To complete the first part of her recital Radvanovsky, whose forte is opera rather than song, regaled her adoring crowd with “Pace, pace mio Dio” from La forza del destino. She had a magnificent command of dynamics and during this and several of her other arias she showed that she could take her sound down to a pianissimo and then gradually increase it until it became a full fledged fortissimo. (The technical term for it is messa di voce).

Radvanovsky, who had worn a form fitting dark gold taffeta for the first half, returned in bright green silk after the intermission to sing a trio of songs by Henri Duparc: Chanson Triste (Sad Song), Extase (Ecstasy), and Au pays où se fait le guerre (To the Country Where War is Waged). Here and in her rendition of the aria that followed them, "Pleurez, Pleurez mes jeux" (Cry, Cry my Eyes) from Jules Massenet’s Le Cid, she showed her mastery of the French idiom as well as her ability to convey the beauty of sadness and tragic memories.
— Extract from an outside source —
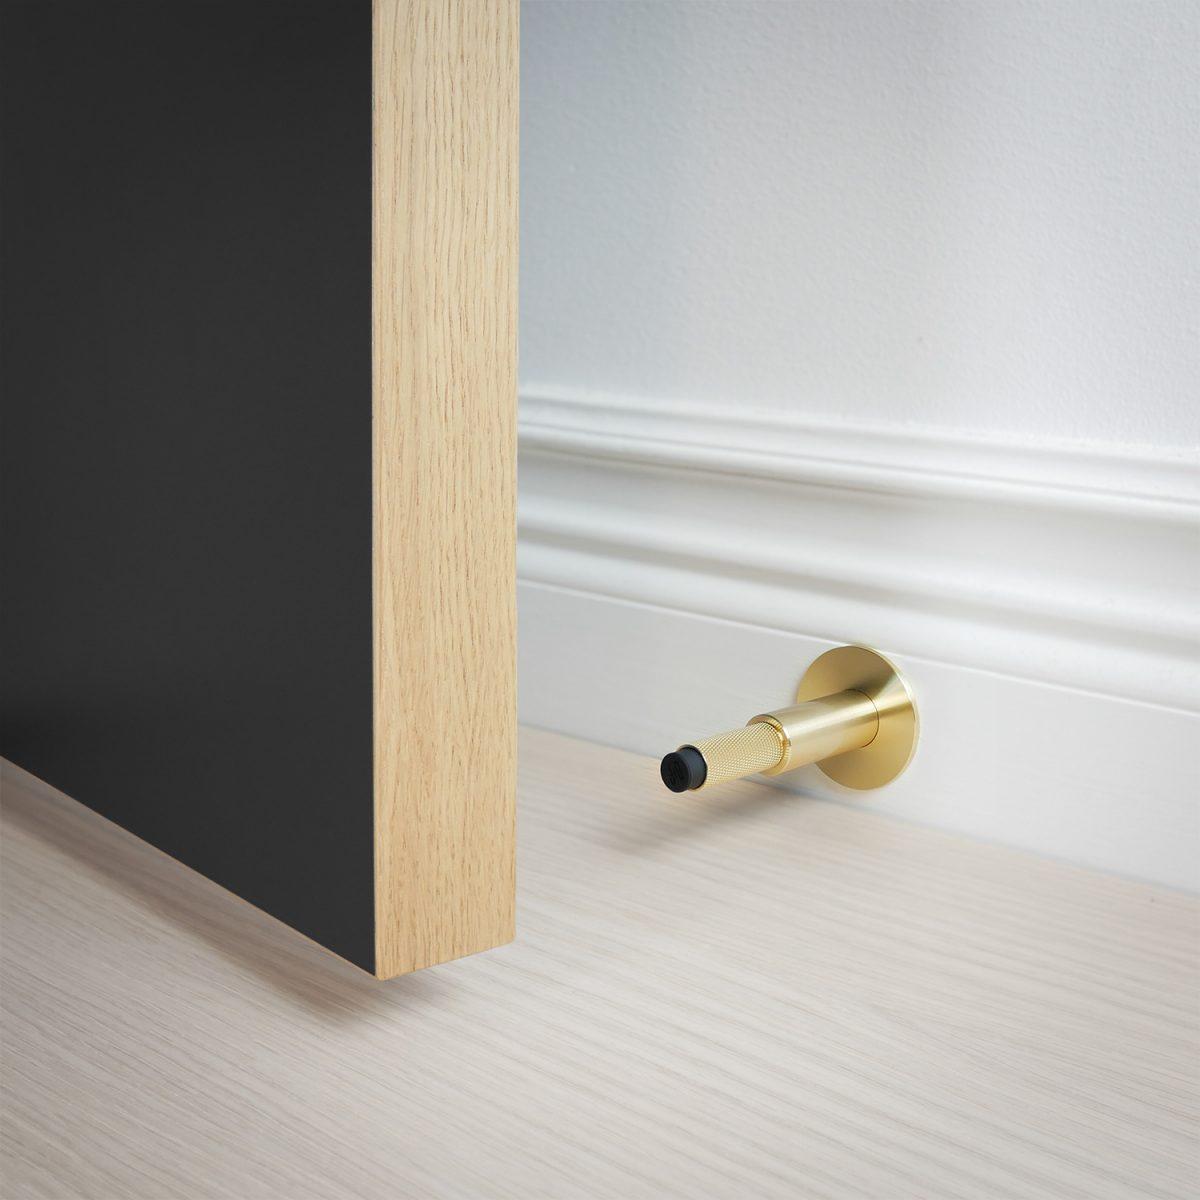 dörrstopp-vägg-dörr-mässing-buster-punch-njord
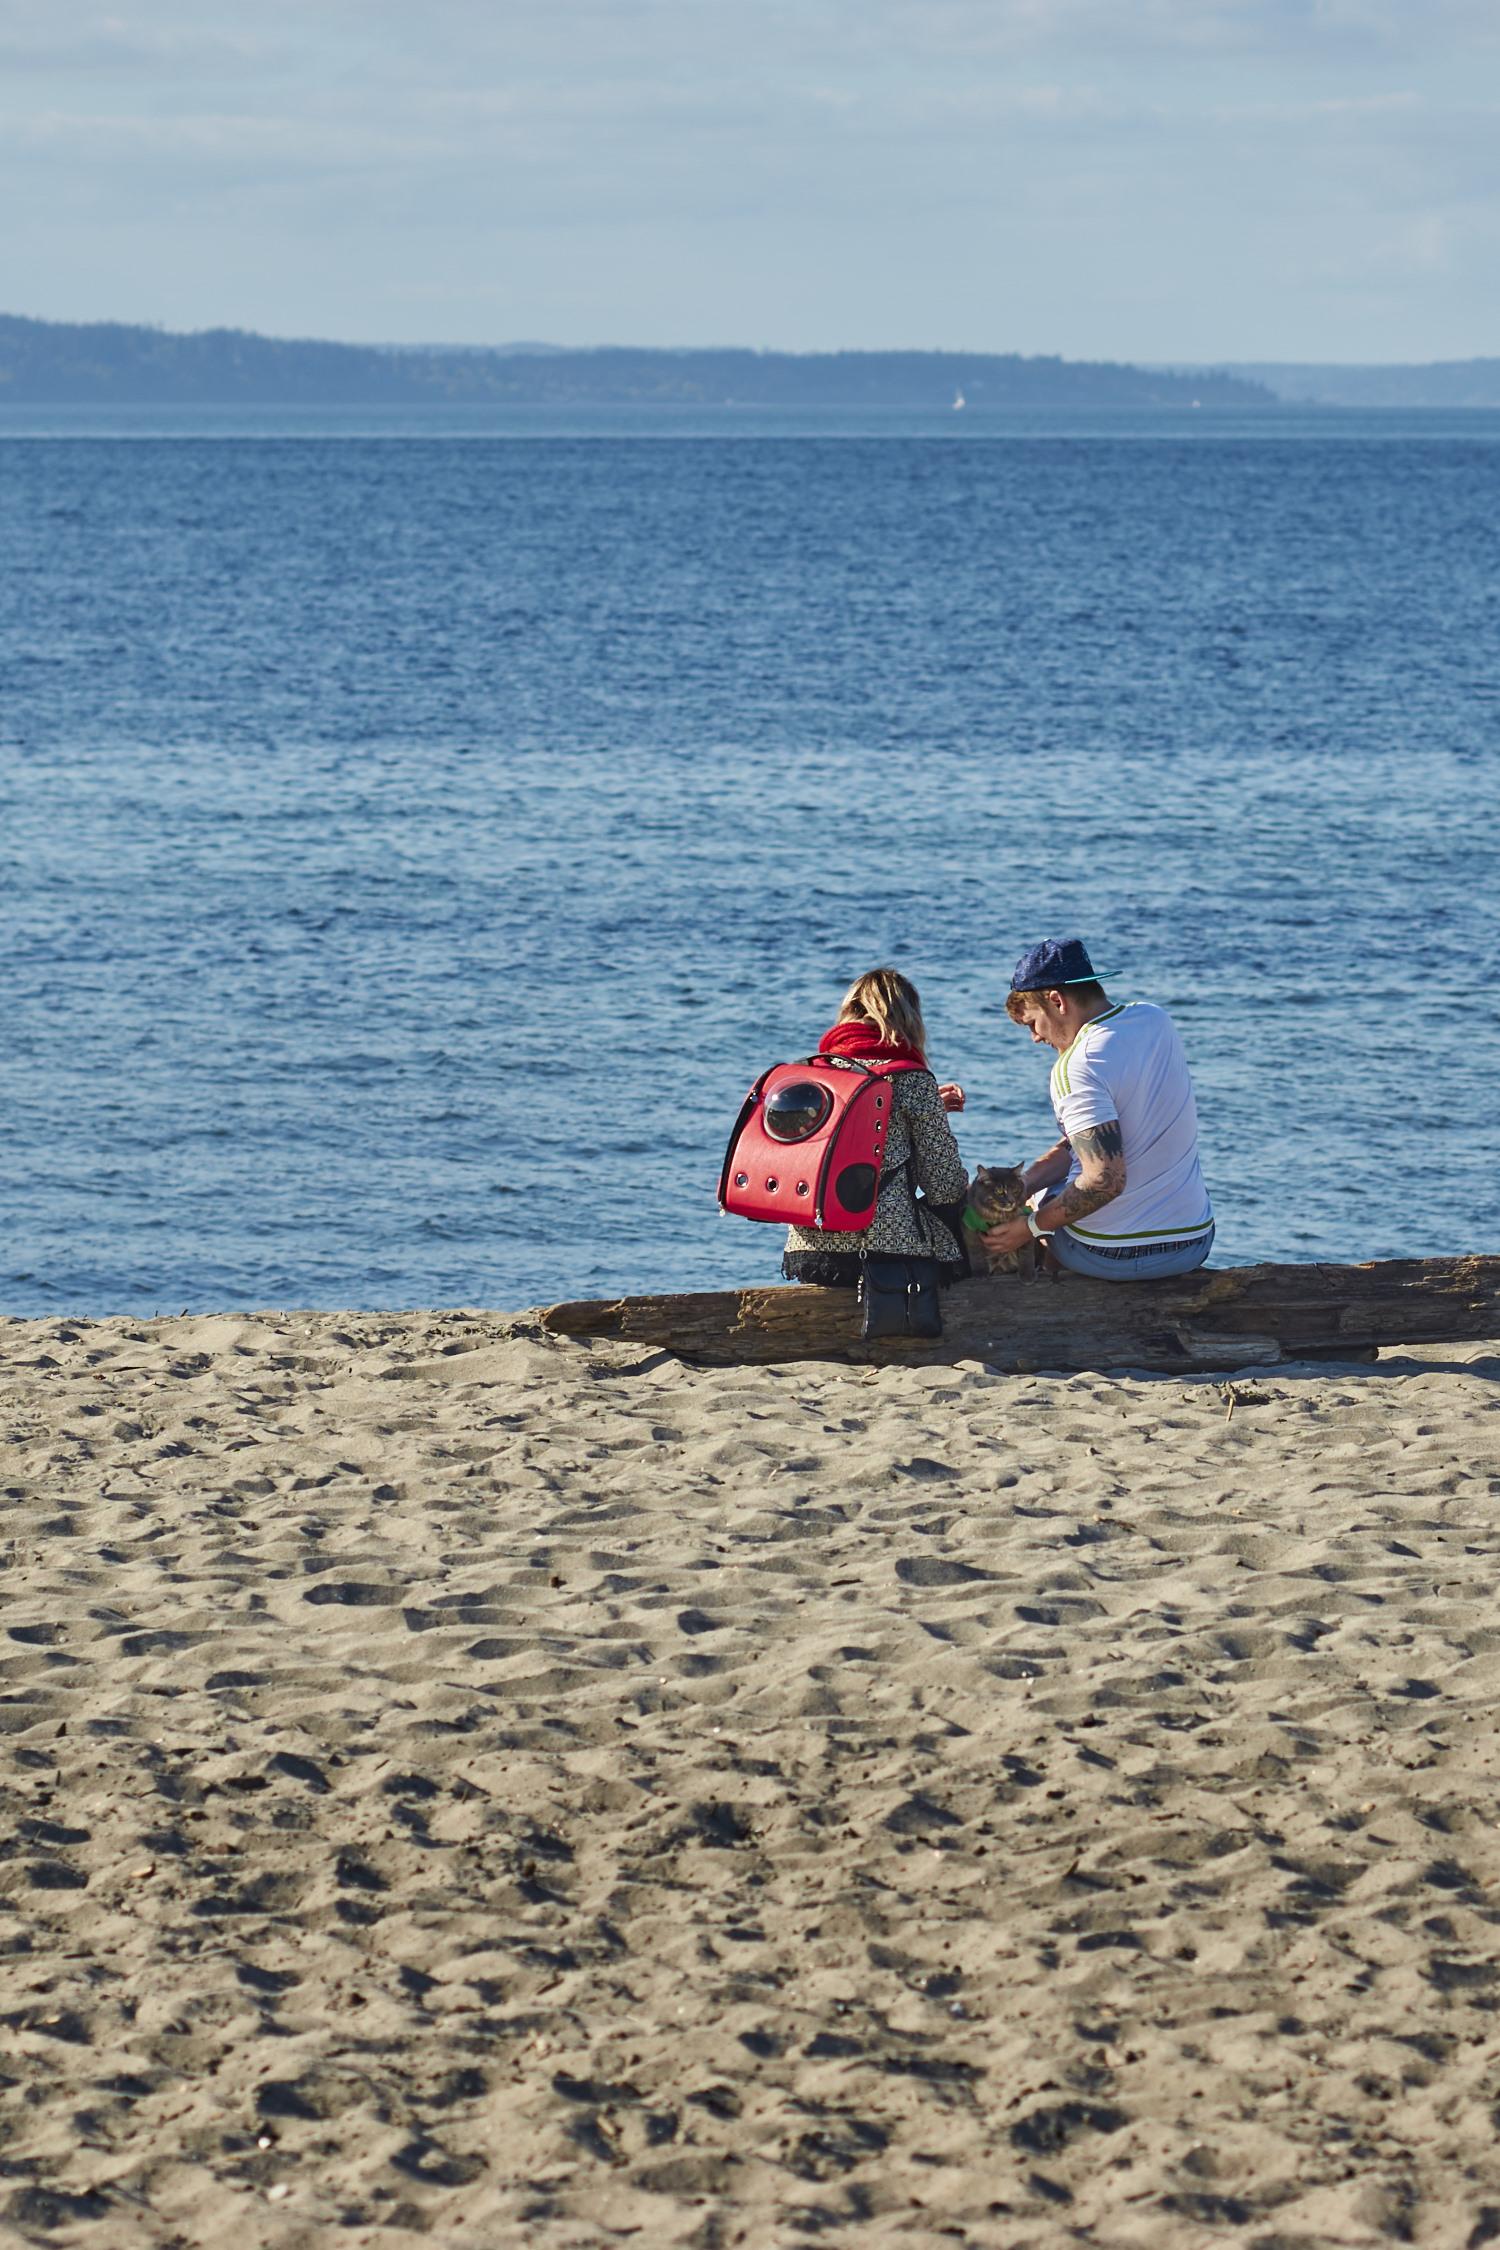 夏日將至! 咱們到海邊去吧

The soprano sometimes spoke to the audience and at this point she brought her fans back from the contemplation of tragedy with three lighter but thoroughly charming American songs by Aaron Copland: Simple Gifts, Long Time Ago, and At the River. For the finale, Radvanovsky sang a rousing, virtuosic performance of the Bolero from Verdi’s I vespri Siciliani (The Sicilian Vespers). She sang that her senses were intoxicated. She was right, her audience was drunk on fine art as they listened to her encores: "Io son l'umile ancella" (I am the Humble Handmaiden) from Cilea's Adriana Lecouvreur, "I Could Have Danced All Night" from Loewe's My Fair Lady, "Vissi d'arte" ( I Live for Art) from Puccini's Tosca and "O mio babbino caro" (Oh, My Dearest Daddy) from Puccini's Gianni Schicchi.

Both Radvanovsky and Manoli gave bravura performances and their audience would have listened to them all night if they had continued to perform. Although the house was not much more than half full, this was a happy audience that can be counted upon to come out for more fine recitals at the Dorothy Chandler.